Given records START

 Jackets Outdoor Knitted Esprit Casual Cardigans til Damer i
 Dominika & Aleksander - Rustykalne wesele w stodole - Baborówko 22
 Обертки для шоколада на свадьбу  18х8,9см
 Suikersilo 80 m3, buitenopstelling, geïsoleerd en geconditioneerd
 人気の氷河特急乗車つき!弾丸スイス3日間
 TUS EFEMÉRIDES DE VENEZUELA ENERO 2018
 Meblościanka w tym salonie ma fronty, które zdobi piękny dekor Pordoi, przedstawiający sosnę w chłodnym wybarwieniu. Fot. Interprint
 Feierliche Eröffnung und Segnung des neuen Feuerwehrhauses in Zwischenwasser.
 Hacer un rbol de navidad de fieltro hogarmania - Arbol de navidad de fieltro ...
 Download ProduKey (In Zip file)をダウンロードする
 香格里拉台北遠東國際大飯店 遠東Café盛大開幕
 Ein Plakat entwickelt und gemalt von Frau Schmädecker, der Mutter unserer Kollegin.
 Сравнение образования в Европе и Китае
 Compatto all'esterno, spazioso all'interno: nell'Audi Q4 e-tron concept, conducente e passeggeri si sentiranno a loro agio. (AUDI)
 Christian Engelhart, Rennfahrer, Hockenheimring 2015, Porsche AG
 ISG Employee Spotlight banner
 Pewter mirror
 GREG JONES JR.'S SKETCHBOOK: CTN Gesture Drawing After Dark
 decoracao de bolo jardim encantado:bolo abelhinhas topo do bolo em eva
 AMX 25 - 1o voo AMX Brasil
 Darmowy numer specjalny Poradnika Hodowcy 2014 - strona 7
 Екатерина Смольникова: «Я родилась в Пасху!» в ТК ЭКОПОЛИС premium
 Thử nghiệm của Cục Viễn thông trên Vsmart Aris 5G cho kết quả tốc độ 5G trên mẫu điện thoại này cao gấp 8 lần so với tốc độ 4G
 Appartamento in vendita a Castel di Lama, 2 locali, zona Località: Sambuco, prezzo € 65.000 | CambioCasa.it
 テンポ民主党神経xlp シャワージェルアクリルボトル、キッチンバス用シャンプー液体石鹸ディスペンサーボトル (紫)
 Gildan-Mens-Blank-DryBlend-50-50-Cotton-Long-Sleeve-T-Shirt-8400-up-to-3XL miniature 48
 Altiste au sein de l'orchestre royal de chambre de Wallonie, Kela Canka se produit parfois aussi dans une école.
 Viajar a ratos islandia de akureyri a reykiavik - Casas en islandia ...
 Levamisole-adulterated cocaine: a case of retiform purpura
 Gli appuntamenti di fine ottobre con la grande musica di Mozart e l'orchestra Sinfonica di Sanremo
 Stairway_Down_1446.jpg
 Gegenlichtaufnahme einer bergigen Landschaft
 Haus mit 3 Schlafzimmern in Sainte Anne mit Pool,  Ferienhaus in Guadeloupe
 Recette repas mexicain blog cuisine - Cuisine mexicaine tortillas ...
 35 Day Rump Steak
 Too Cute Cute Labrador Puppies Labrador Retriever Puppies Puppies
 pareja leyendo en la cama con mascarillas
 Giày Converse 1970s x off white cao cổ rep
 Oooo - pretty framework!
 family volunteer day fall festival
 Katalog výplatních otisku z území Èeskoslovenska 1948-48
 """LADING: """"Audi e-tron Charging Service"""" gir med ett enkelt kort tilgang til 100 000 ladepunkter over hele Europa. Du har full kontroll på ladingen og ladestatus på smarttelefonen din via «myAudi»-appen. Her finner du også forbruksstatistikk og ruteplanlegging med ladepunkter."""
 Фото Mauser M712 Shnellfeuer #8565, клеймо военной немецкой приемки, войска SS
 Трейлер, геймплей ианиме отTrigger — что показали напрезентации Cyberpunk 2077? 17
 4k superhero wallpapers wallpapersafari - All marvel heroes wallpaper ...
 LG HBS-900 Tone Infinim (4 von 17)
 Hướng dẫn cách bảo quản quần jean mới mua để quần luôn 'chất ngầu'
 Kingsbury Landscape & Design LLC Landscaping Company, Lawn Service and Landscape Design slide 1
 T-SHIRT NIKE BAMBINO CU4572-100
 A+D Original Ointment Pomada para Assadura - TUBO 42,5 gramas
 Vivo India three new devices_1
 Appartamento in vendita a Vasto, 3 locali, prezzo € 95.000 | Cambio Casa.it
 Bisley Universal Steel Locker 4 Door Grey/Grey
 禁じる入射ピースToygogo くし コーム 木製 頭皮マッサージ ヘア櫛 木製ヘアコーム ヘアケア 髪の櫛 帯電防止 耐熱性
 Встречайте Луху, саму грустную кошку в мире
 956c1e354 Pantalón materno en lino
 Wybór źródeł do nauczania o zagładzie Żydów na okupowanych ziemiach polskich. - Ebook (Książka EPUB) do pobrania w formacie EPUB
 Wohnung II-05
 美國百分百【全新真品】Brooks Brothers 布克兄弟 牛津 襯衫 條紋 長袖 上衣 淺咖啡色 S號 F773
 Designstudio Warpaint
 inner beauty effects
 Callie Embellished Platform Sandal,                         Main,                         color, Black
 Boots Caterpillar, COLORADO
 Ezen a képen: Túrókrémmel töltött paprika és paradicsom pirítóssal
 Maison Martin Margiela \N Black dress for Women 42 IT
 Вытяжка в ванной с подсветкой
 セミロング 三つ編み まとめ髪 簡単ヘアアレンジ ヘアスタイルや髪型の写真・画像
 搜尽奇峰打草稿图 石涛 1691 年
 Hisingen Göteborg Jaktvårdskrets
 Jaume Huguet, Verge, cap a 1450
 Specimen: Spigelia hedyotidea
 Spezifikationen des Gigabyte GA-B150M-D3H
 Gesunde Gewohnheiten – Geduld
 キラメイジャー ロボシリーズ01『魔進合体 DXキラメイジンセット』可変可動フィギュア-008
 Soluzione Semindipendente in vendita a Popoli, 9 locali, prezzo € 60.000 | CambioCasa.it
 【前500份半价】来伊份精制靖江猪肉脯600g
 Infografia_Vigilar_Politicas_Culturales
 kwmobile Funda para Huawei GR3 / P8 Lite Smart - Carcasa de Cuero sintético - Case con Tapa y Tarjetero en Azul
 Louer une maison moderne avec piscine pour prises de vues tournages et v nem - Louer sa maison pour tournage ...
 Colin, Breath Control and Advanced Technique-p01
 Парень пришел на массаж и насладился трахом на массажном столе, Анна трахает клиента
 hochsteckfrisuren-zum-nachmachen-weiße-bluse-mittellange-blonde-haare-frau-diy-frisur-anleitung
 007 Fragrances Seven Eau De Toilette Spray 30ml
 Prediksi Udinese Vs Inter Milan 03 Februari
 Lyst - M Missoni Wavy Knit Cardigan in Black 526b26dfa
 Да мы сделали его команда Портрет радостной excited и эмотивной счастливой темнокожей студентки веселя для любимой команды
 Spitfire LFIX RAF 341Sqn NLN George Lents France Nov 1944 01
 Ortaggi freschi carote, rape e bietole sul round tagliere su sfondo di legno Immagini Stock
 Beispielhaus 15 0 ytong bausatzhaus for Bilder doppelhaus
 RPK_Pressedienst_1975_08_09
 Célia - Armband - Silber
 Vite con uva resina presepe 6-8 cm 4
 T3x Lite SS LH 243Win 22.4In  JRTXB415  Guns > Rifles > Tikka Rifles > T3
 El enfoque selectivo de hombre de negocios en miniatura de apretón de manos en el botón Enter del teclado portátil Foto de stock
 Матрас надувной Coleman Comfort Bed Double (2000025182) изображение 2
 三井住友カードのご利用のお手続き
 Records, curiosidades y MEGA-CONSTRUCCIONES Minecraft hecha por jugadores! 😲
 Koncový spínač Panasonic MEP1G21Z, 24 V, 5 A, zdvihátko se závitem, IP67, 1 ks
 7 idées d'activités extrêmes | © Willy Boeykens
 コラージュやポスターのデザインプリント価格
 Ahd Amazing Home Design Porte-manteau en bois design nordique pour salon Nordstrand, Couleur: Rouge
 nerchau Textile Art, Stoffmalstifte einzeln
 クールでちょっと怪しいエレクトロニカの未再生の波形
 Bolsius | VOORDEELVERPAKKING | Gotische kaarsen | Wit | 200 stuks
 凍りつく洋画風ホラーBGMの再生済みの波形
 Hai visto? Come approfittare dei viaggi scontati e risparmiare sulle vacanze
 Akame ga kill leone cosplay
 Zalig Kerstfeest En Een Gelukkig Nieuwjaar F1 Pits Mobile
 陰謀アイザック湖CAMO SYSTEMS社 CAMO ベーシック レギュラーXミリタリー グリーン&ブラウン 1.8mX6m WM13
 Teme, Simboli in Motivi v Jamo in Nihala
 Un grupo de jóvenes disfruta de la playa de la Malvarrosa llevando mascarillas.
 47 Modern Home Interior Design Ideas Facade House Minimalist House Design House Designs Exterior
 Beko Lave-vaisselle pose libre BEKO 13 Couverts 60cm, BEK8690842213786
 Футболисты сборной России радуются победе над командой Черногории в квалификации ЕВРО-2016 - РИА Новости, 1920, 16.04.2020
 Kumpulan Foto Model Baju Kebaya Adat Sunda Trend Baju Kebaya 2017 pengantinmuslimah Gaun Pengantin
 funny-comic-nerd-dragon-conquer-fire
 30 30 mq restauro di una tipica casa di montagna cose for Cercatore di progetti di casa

Given records END

Tally the lines of the listing that contain "prezzo" and give the tally alone.

## Result below
3